I removed the regulator and took the cover off, everything is nice and shiny inside, but that's about where my knowledge ends on this.

Any info on what/where to check? TIA.


----------



## HarveyW (Sep 15, 2014)

Hello Andy,

Welcome to the tractor forum.

You can check the regulator to see that none of the contacts are fused/stuck together, allowing current to drain thru the circuitry. Or, you can disconnect the wires to the generator to see if the drainage stops.


----------



## Andy50 (Sep 2, 2016)

Heh, two months later and I got it resolved. My buddy (finally) came over today and he found that an accessory switch that used to run a rear light had a direct short.

So we decide to check and make sure the charging system was working okay, and we find that it isn't charging at all. He said he could rebuild it, but it might not be worth the time (I would pay him), it might be better money-wise to just buy a rebuilt generator. 

So I look at several sites online and it seems they are no longer available. All I found was alternator conversion kits. Prices weren't really that bad -- around $90 -- but I don't really want to do any more work than necessary.
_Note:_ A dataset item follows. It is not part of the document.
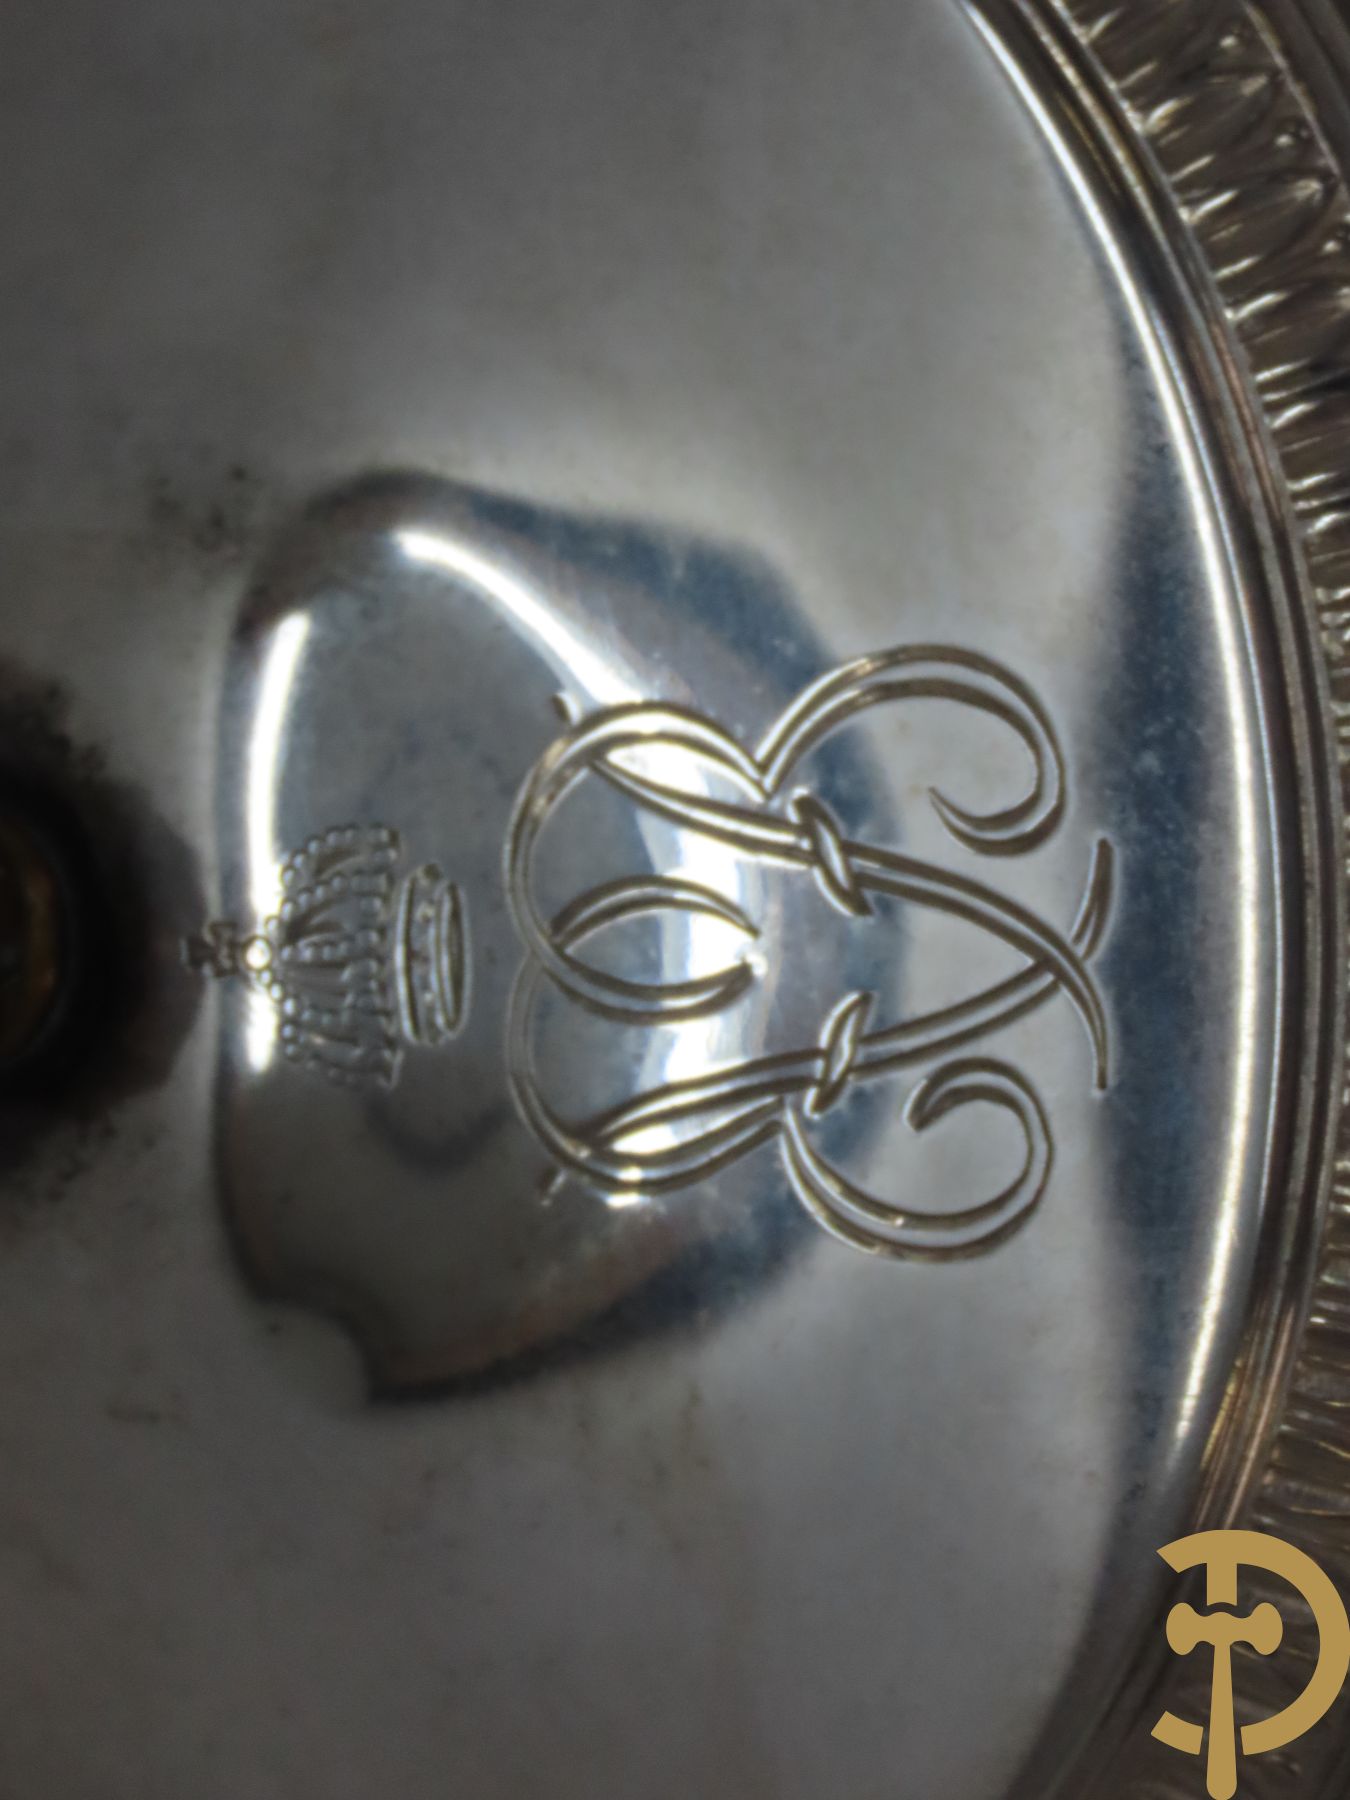 Massief zilveren bonbonnière met gekroonde initialen EVB (Elisabeth Van Beieren?)

I've gotten burned out and very lazy in my old age.

Am I right, that rebuilt generators for the TO20 are no longer available? TIA.


----------



## BigT (Sep 15, 2014)

Hello Andy,

You can find a new generator for your TO20 on ebay, but you probably need a regulator as well. If you can find a Massey Ferguson dealer, they should be able to help you out.

The better way to go is an alternator conversion kit. Fairly simple to install.


----------